Use the comparison theorem to determine whether a definite integral is convergent.

Topic:

Volume 2, Section 3.7 Improper Integration (link to textbook section)

WeBWorK:

Integration – Improper Integrals

Motivating question

How can we use integrals to determine the area of an unbounded region?

Warmup exercise 1

Evaluate:

\[\int_0^b \frac{2}{(x+2)^3}dx.\]

Hint: since the upper limit of integration is the variable $b$ instead of a number, your answer will be a formula in terms of $b$.

Show answer 1

We could evaluate this integral using direct substitution with $u=x+2$, but since $du = dx$, this substitution is straightforward enough that we can probably integrate directly (if it’s not obvious to you how to integrate this directly, definitely integrate by substitution; it’s not wrong, it’ll just take more writing).
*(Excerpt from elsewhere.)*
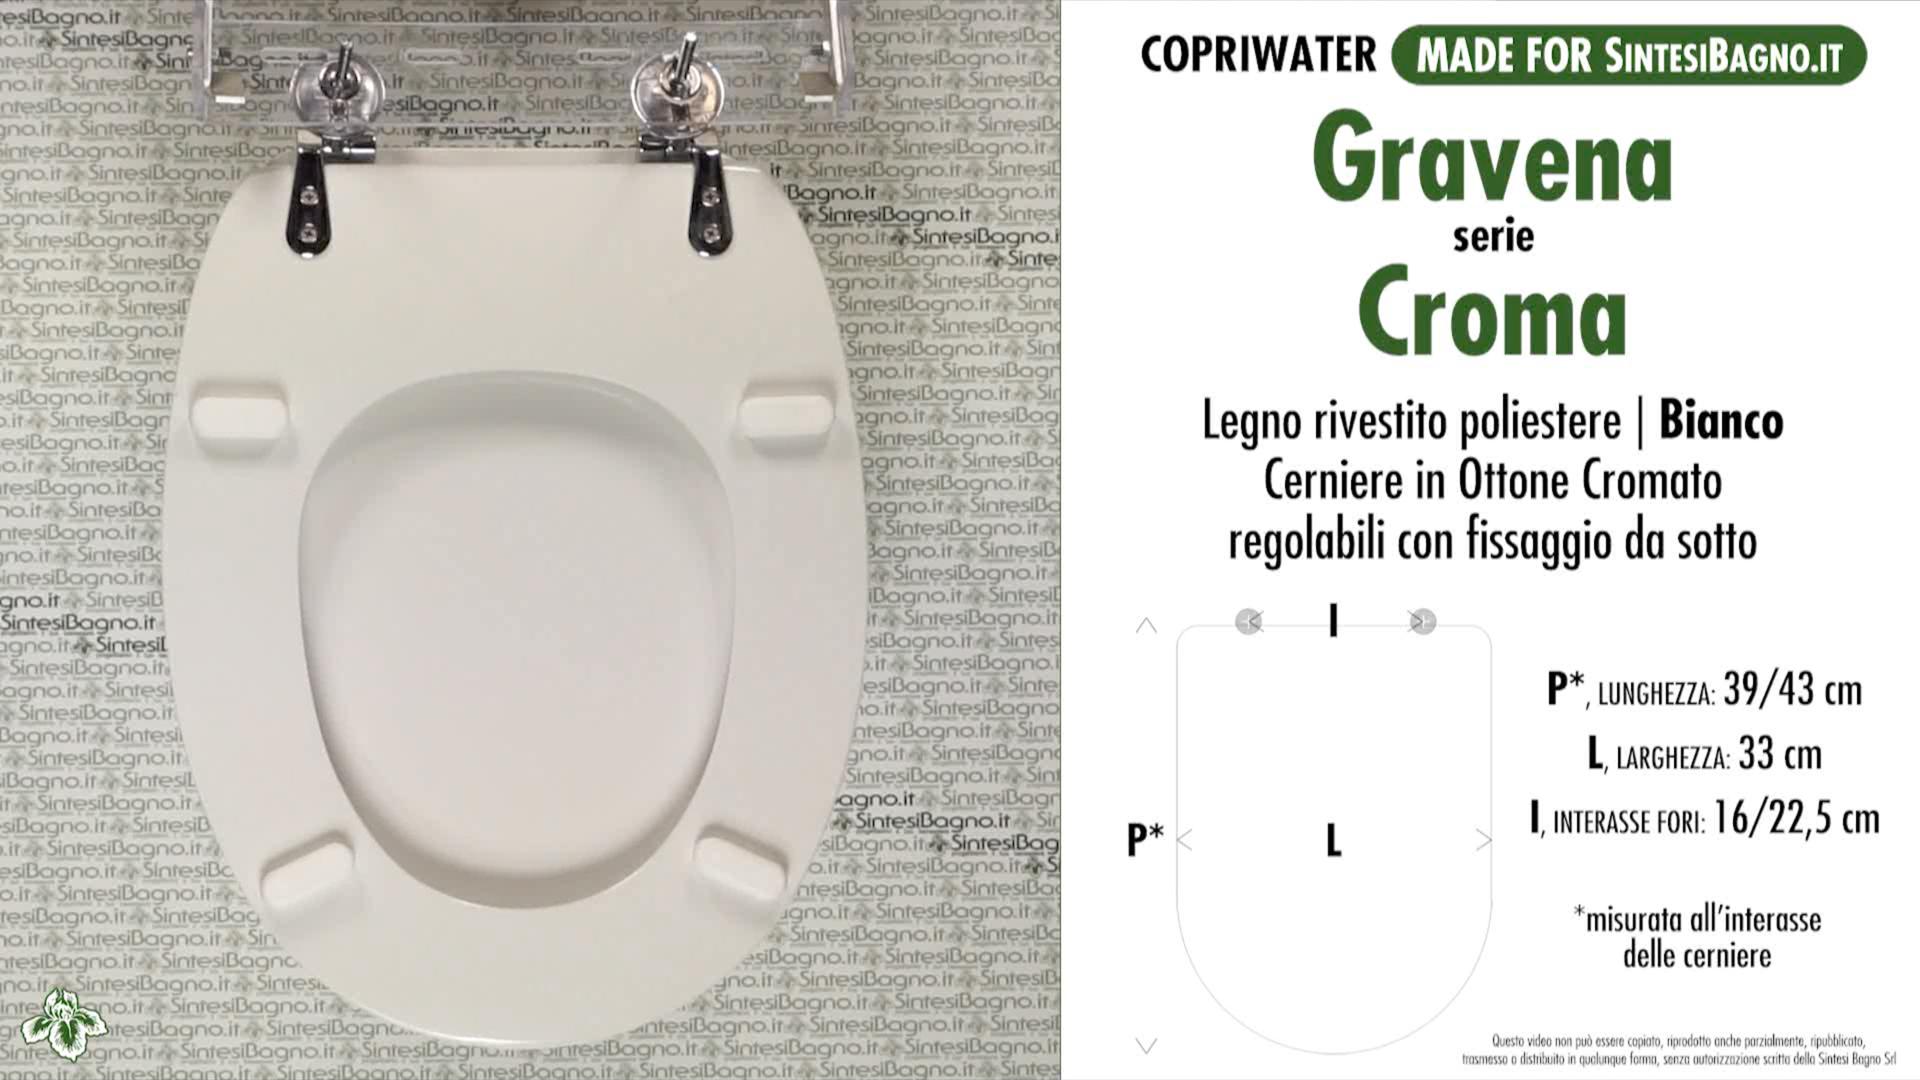 SCHEDA TECNICA MISURE copriwater GRAVENA CONNY

\[\int_0^b \frac{2}{(x+2)^3}dx = \int_0^b 2(x+2)^{-3}dx\]

\[= \left.\frac{2}{(-3+1)}(x+2)^{-3+1} \right|_0^b\]

\[=\left.\frac{-1}{(x+2)^2} \right|_0^b\]

\[= \frac{-1}{(b+2)^2} – \frac{-1}{(0+2)^2}\]

\[=\frac{-1}{(b+2)^2} + \frac{1}{4}.\]

Warmup exercise 2

Evaluate the limit:

\[ \lim_{b \to \infty} \left(\frac{-1}{(b+2)^2} + \frac{1}{4}\right).\]

Show answer 2

The important limit for us to remember is $\lim_{x \to \infty} \frac{1}{x} = 0$.

So our limit:

\[\lim_{b \to \infty} \left(\frac{-1}{(b+2)^2} + \frac{1}{4}\right) = 0 + \frac{1}{4} = \frac{1}{4}.\]

Improper integrals…what do they mean?

Motivating example: You may have guessed by now that we can put Warmup exercises 1 and 2 together. Doing so looks like:

\[\int_0^\infty \frac{2}{(x+2)^3}dx = \lim_{b \to \infty} \int_0^b \frac{2}{(x+2)^3}dx\]

\[=\lim_{b \to \infty} \frac{-1}{(b+2)^2} + \frac{1}{4}\]

\[=\frac{1}{4}.\]

That is, we can write

\[\int_0^\infty \frac{2}{(x+2)^3}dx = \frac{1}{4}\]

But what does this even mean???

Recall from Lesson 2 (link here) that we defined the definite integral $\int_a^b f(x) dx$ as a signed area between the vertical lines $x=a$ and $x=b$ and between the graph $y=f(x)$ and the $x-$axis.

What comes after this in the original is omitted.